4 Chaining arguments and the time lag

Applying Corollary 3.2 with chaining arguments, we obtain a parabolic John–Nirenberg inequality, which allows us to change the time lag.

Theorem 4.1

Let \(R \subset {\mathbb {R}}^{n+1}\) be a parabolic rectangle, \(0< \gamma <1\), \(-1 < \rho \le \gamma \), \(-\rho < \sigma \le \gamma \) and \(0<q \le 1\). Assume that \(f \in \mathrm {PBMO}_{\gamma ,q}^+(R)\) and let \(\left\Vert {f}\right\Vert =\left\Vert {f}\right\Vert _{\mathrm {PBMO}_{\gamma ,q}^{+}(R)}\). Then there exist constants \(c \in {\mathbb {R}}\), \(A=A(n,p,q,\gamma ,\rho ,\sigma )\) and \(B=B(n,p,q,\gamma ,\rho ,\sigma )\) such that

$$\begin{aligned} |R^{+}(\rho ) \cap \{ (f-c)_+ > \lambda \} |\le A e^{-B (\lambda /\left\Vert {f}\right\Vert )^q } |R^{+}(\rho ) |\end{aligned}$$

and

$$\begin{aligned} |R^{-}(\sigma ) \cap \{ (f-c)_- > \lambda \} |\le A e^{-B (\lambda /\left\Vert {f}\right\Vert )^q } |R^{-}(\sigma ) |\end{aligned}$$

for every \(\lambda > 0\).

Proof

Let \(R_0 = R\). Without loss of generality, we may assume that the center of \(R_0\) is the origin. Since \(f \in \mathrm {PBMO}^+_{\gamma ,q}(R_0)\), Corollary 3.2 holds for any parabolic subrectangle of \(R_0\) and for any \(\gamma< \alpha <1\).

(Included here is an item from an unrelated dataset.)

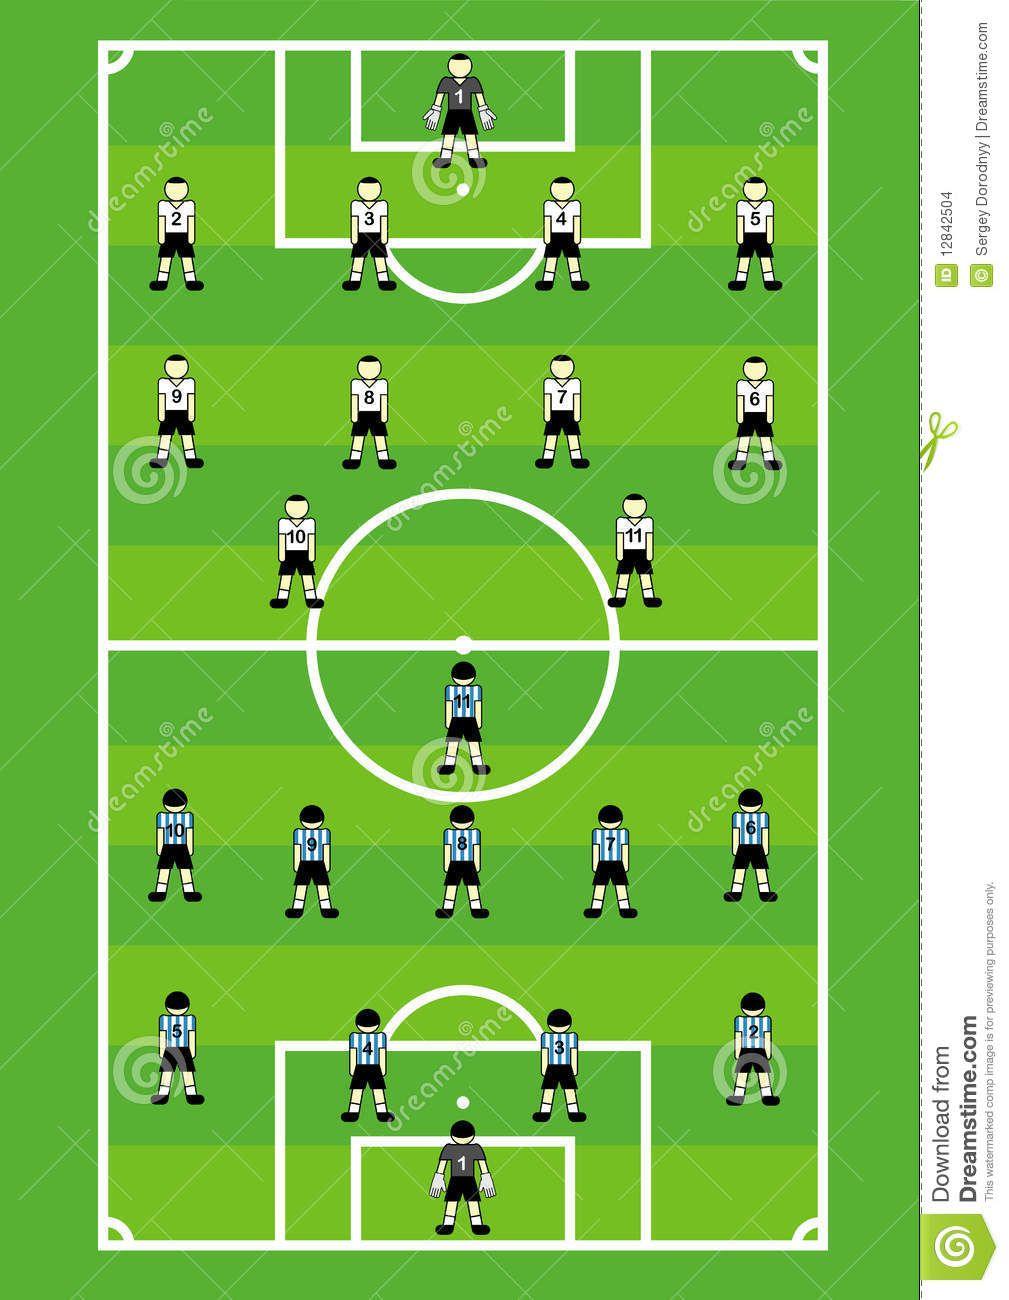 Backyard Soccer Mls Edition Free Download - BACKYARD HOME

Let m be the smallest integer with

$$\begin{aligned} m \ge \log _2\left( \frac{1+\alpha }{1-\alpha } \right) + \frac{1}{p-1} \left( 2 + \log _2 \frac{1+\alpha }{\rho +\sigma } \right) + 2 . \end{aligned}$$

Then there exists \(0 \le \varepsilon < 1\) such that

$$\begin{aligned} m = \log _2\left( \frac{1+\alpha }{1-\alpha } \right) + \frac{1}{p-1} \left( 2 + \log _2 \frac{1+\alpha }{\rho +\sigma } \right) + 2 + \varepsilon . \end{aligned}$$

We partition \(R^+_0(\rho ) = Q(0, L) \times (\rho L^p, L^p)\) by dividing each of its spatial edges into \(2^m\) equally long intervals and the time interval into \(\lceil (1-\rho )2^{mp}/(1-\alpha )\rceil \) equally long intervals. Denote the obtained rectangles by \(U^+_{i,j}\) with \(i \in \{1,\dots ,2^{mn}\}\) and \(j \in \{1,\dots ,\lceil (1-\rho )2^{mp}/(1-\alpha )\rceil \}\). The spatial side length of \(U^+_{i,j}\) is \(l = l_x(U^+_{i,j}) =L/2^m\) and the time length is

$$\begin{aligned} l_t(U^+_{i,j}) = \frac{(1-\rho )L^p}{\lceil (1-\rho )2^{mp}/(1-\alpha )\rceil } . \end{aligned}$$

For every \(U^+_{i,j}\), there exists a unique rectangle \(R_{i,j}\) that has the same top as \(U^+_{i,j}\). Our aim is to construct a chain from each \(U^+_{i,j}\) to a central rectangle which is of the same form as \(R_{i,j}\) and is contained in \(R_0\). This central rectangle will be specified later. First, we construct a chain with respect to the spatial variable. Fix \(U^+_{i,j}\). Let \(P_0 = R_{i,j}\) and

$$\begin{aligned} P_0^+ = R^+_{i,j}(\alpha ) = Q_i \times (t_j - (1-\alpha )l^p, t_j). \end{aligned}$$

We construct a chain of cubes from \(Q_i\) to the central cube Q(0, l). Let \(Q'_0 = Q_i = Q(x_i, l)\) and set

$$\begin{aligned} Q'_k = Q'_{k-1} - \frac{x_i}{\left|{x_i}\right|} \frac{\theta l}{2}, \quad k \in \{0,\dots ,N_i\} , \end{aligned}$$

where \(1 \le \theta \le \sqrt{n}\) depends on the angle between \(x_i\) and the spatial axes and is chosen such that the center of \(Q_k\) is on the boundary of \(Q_{k-1}\) (see Fig. 2). We have

$$\begin{aligned} \frac{1}{2^n} \le \frac{\left|{ Q_k \cap Q_{k-1} }\right|}{\left|{Q_k}\right|} \le \frac{1}{2}, \quad k \in \{0,\dots ,N_i\} , \end{aligned}$$

and \(\left|{x_i}\right| = \frac{\theta }{2} (L - bl)\), where \(b \in \{1, \dots , 2^m\}\) depends on the distance of \(Q_i\) to the center of \(Q_0 = Q(0,L)\). The number of cubes in the spatial chain \(\{Q'_k\}_{k=0}^{N_i}\) is

$$\begin{aligned} N_i + 1 = \frac{\left|{x_i}\right|}{\frac{\theta }{2} l} + 1 = \frac{L}{l} - b + 1 . \end{aligned}$$

Fig. 2

Sketch of a spatial chain of cubes \(Q'_k\)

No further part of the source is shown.